52 Herculis

Observation data Epoch J2000 Equinox ICRS
- Constellation: Hercules
- Right ascension: 16^{h} 49^{m} 14.21821^{s}
- Declination: +45° 58′ 59.9620″
- Apparent magnitude (V): 4.82 (4.87 + 8.85[9.0 + 9.1])

Characteristics
- Evolutionary stage: main sequence
- Spectral type: A1VpSiSrCr + K0V?
- B−V color index: 0.087±0.003
- Variable type: α^{2} CVn

Astrometry
- Radial velocity (R_{v}): −1.6±0.5 km/s
- Proper motion (μ): RA: +22.57 mas/yr Dec.: −51.35 mas/yr
- Parallax (π): 18.10±0.34 mas
- Distance: 180 ± 3 ly (55 ± 1 pc)
- Absolute magnitude (M_{V}): 1.16 + 5.47 + 5.57

Orbit
- Primary: 52 Her A
- Name: 52 Her B
- Period (P): 56.4±0.3 yr
- Semi-major axis (a): 0.279±0.005″
- Eccentricity (e): 0.13±0.02
- Inclination (i): 37.4+2.6 −2.8°
- Longitude of the node (Ω): 57.5°
- Periastron epoch (T): 1991.2
- Argument of periastron (ω) (secondary): 69.4°

Details

52 Her A
- Mass: 2.19+0.14 −0.22 M_{☉}
- Radius: 2.30±0.11 R_{☉}
- Luminosity: 29.5+2.1 −2.0 L_{☉}
- Surface gravity (log g): 4.06+0.05 −0.06 cgs
- Temperature: 8,840±190 K
- Rotational velocity (v sin i): 23.2±1.4 km/s
- Age: 525+234 −162 Myr
- Other designations: 52 Her, V637 Her, BD+46°2220, HD 152107, HIP 82321, HR 6254, SAO 46305, WDS J16492+4559

Database references
- SIMBAD: data

= 52 Herculis =

Star in the constellation Hercules

52 Herculis is a triple star system in the northern constellation of Hercules.

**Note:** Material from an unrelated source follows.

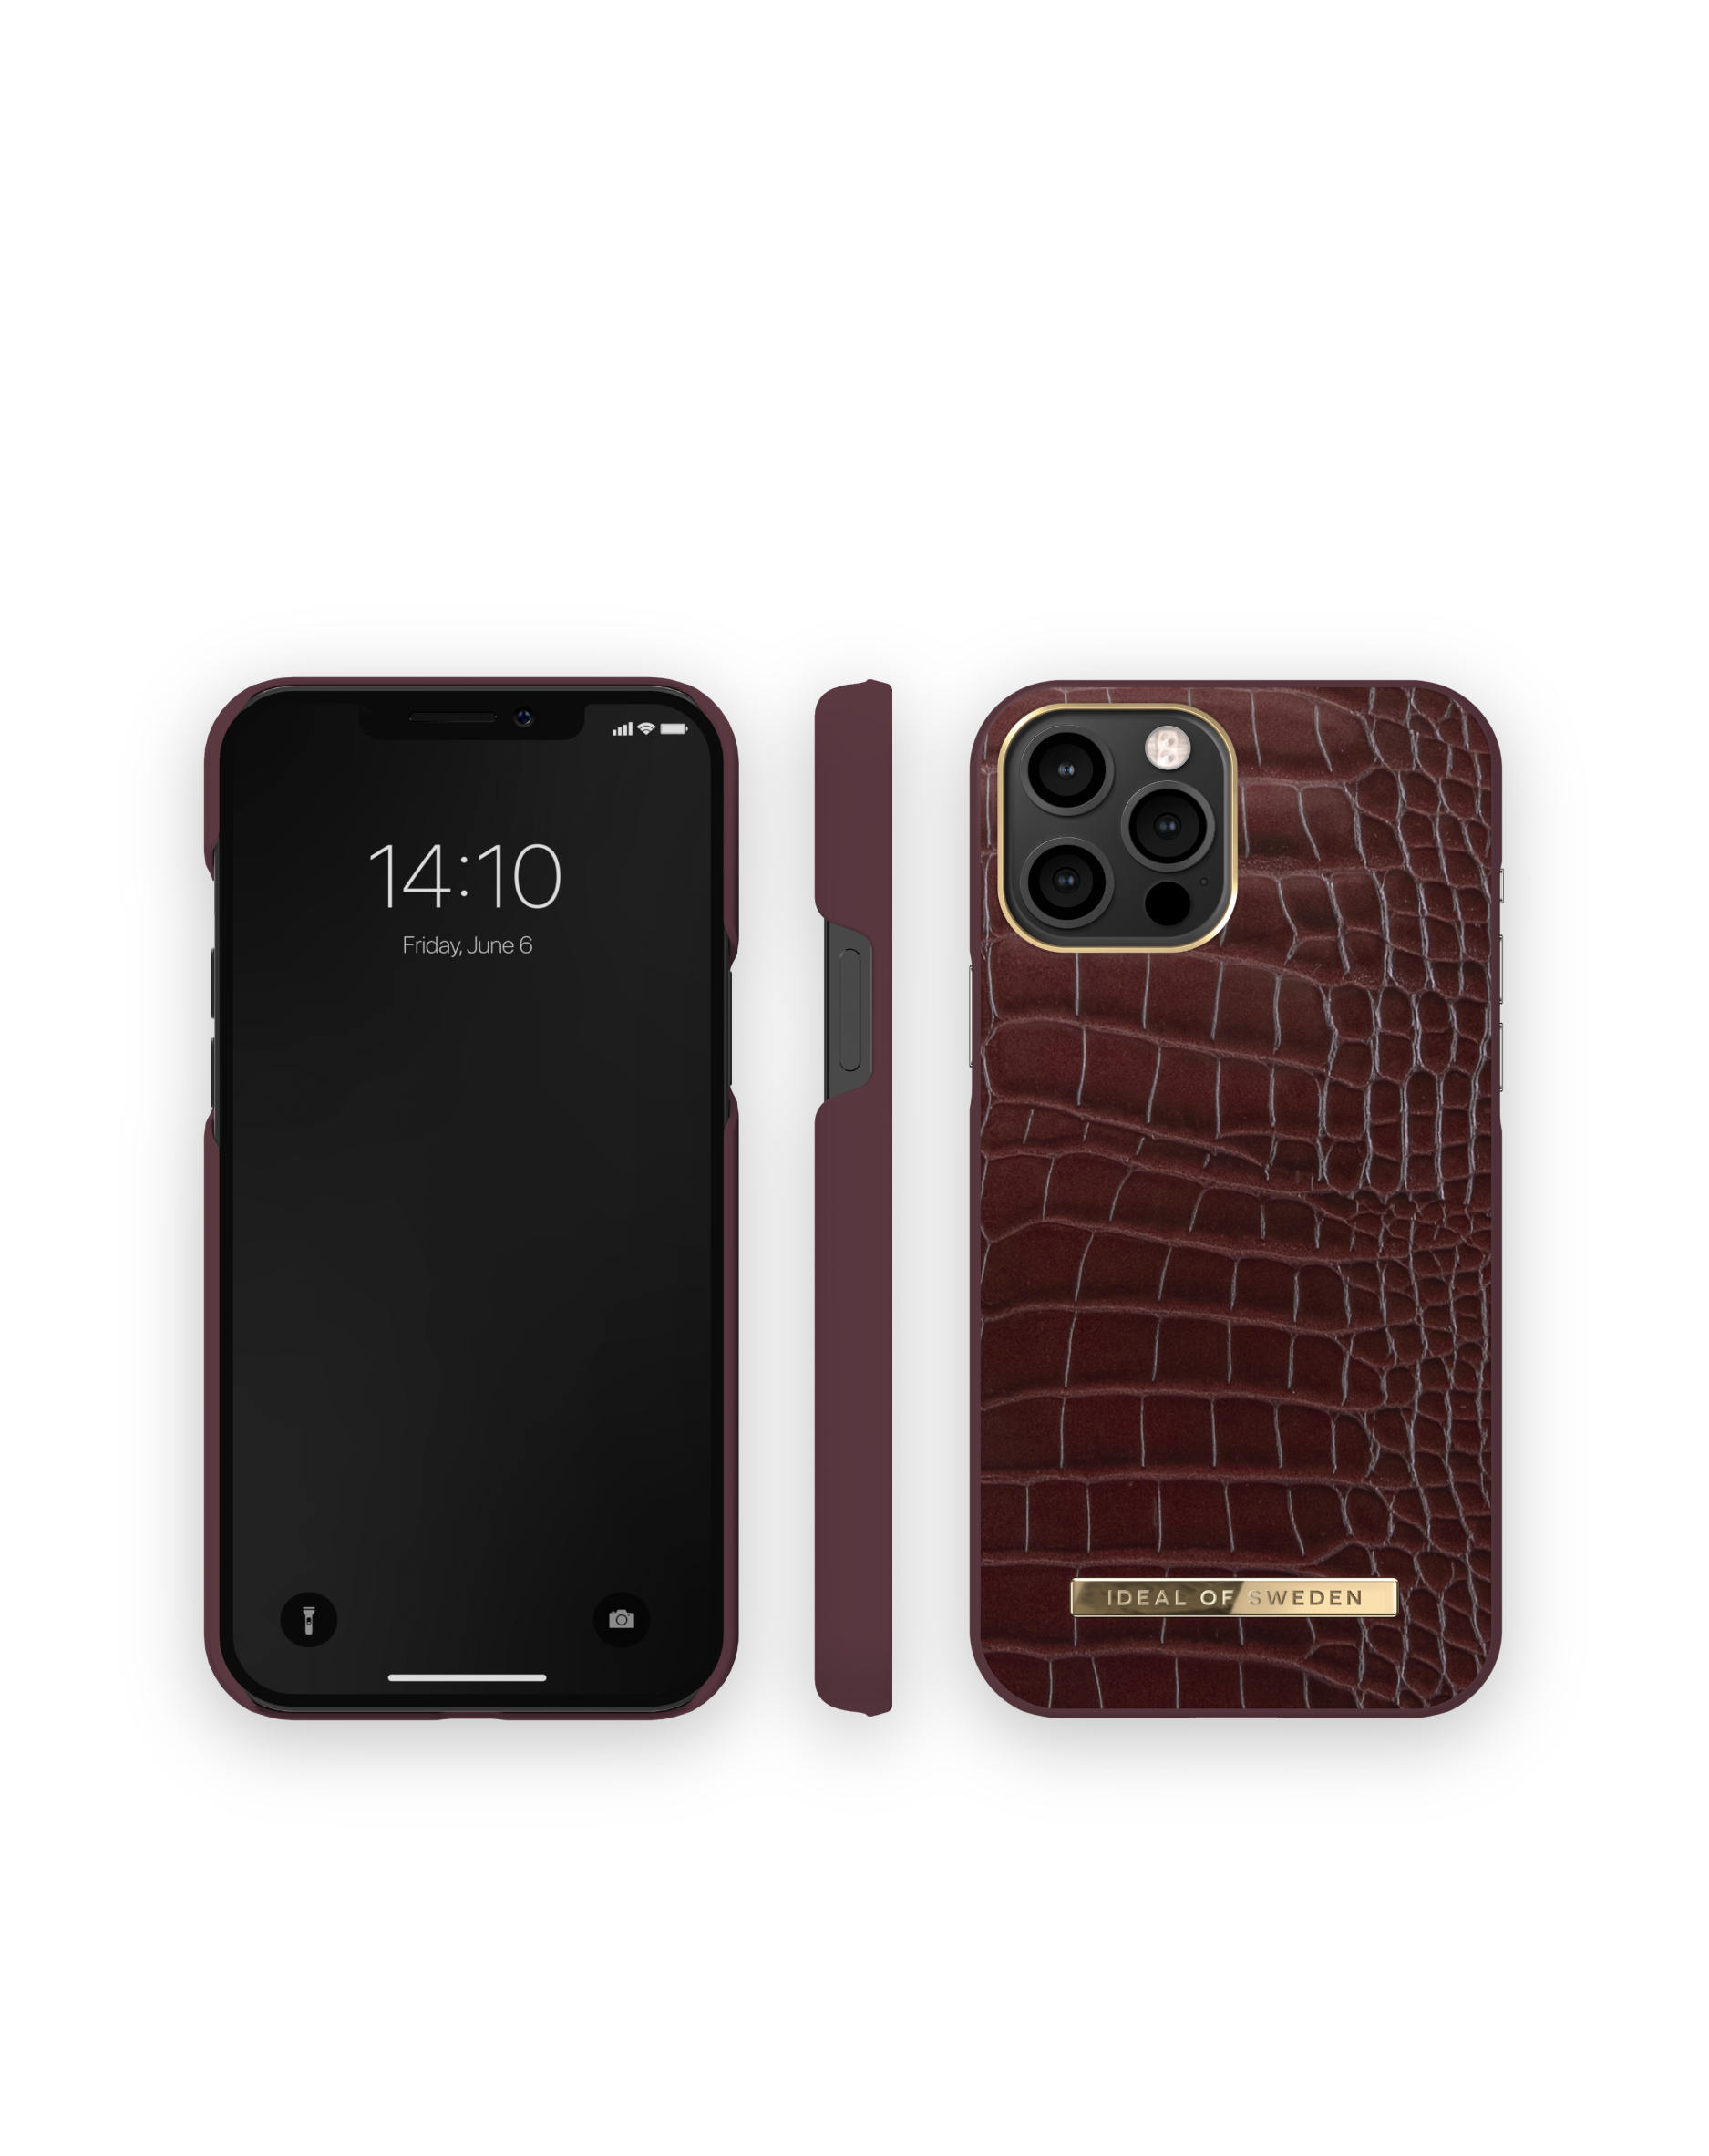 IDEAL OF IDACAW21-I2061-326, Scarlet 12/12 Croco Apple, Backcover, Pro, iPhone SWEDEN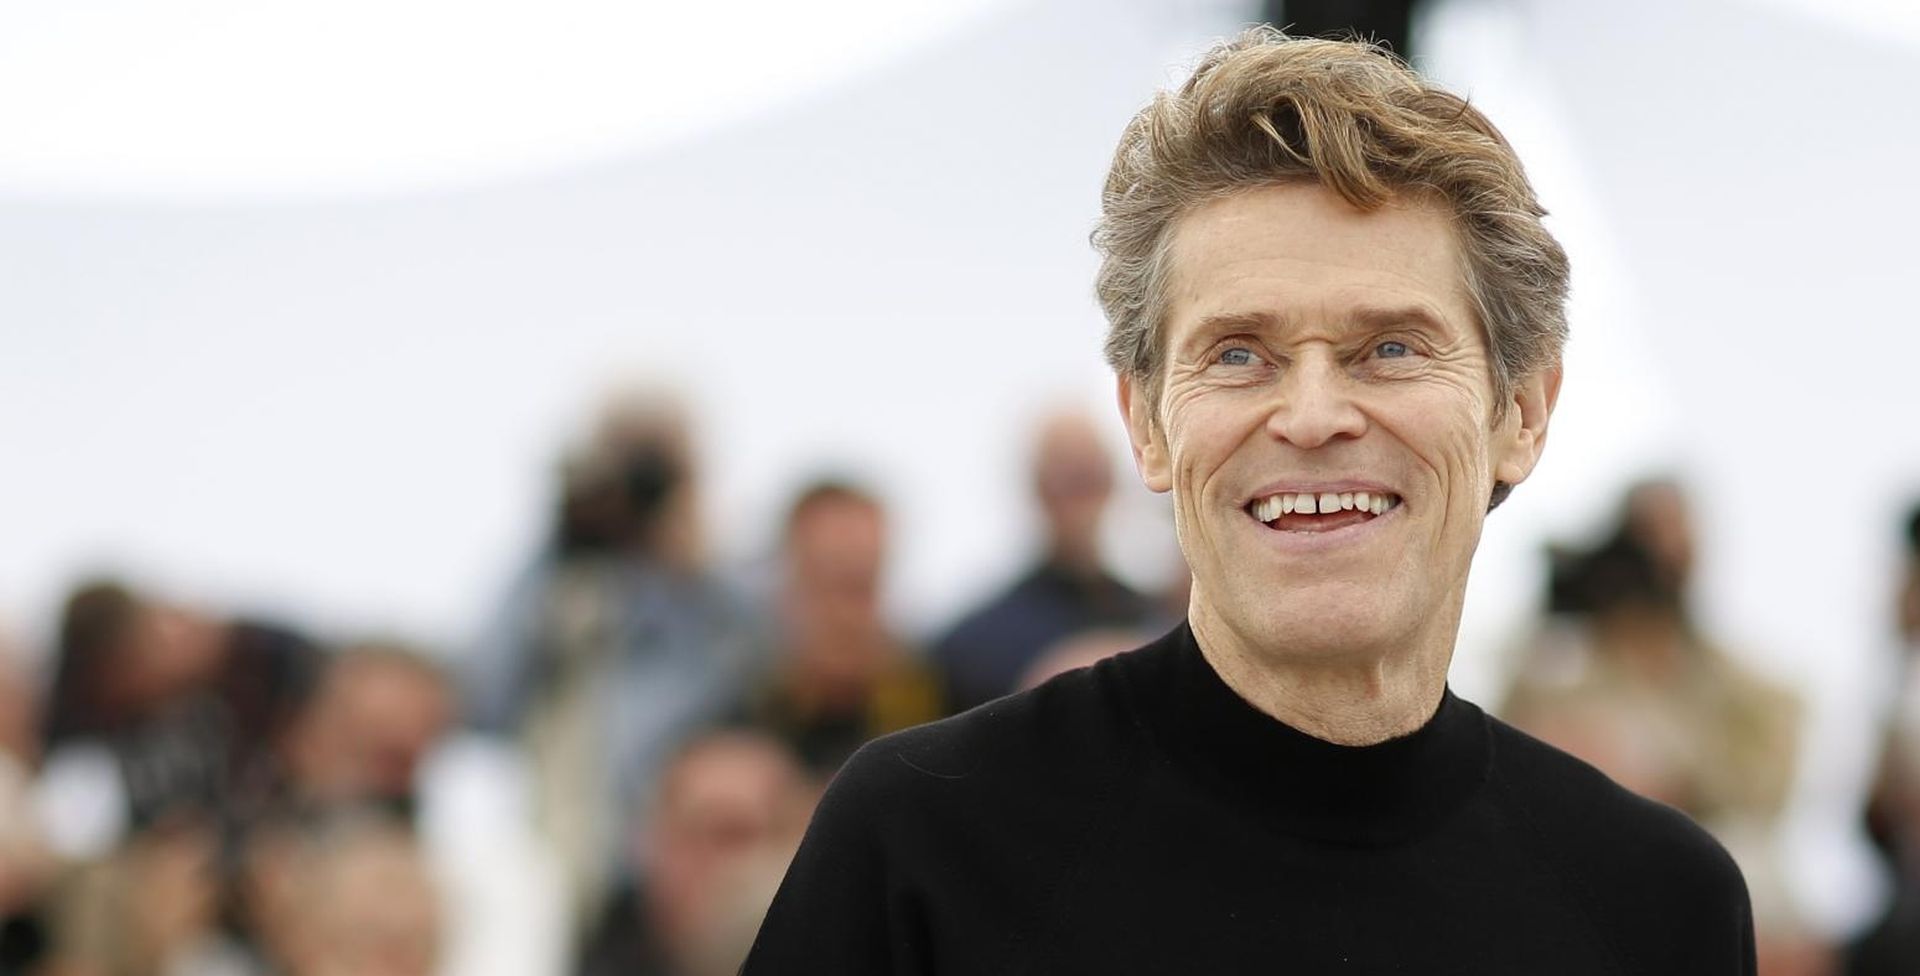 72nd Cannes Film Festival - Photocall for the film "Tommaso" presented as part of special screenings 72nd Cannes Film Festival - Photocall for the film "Tommaso" presented as part of special screenings - Cannes, France, May 20, 2019. Cast member Willem Dafoe poses. REUTERS/Stephane Mahe STEPHANE MAHE

It is visible to the naked eye as a faint point of light with a combined apparent visual magnitude of 4.82. Based upon parallax measurements, the system is located 180 light years away from the Sun. It is moving closer to the Earth with a heliocentric radial velocity of −1.6 km/s.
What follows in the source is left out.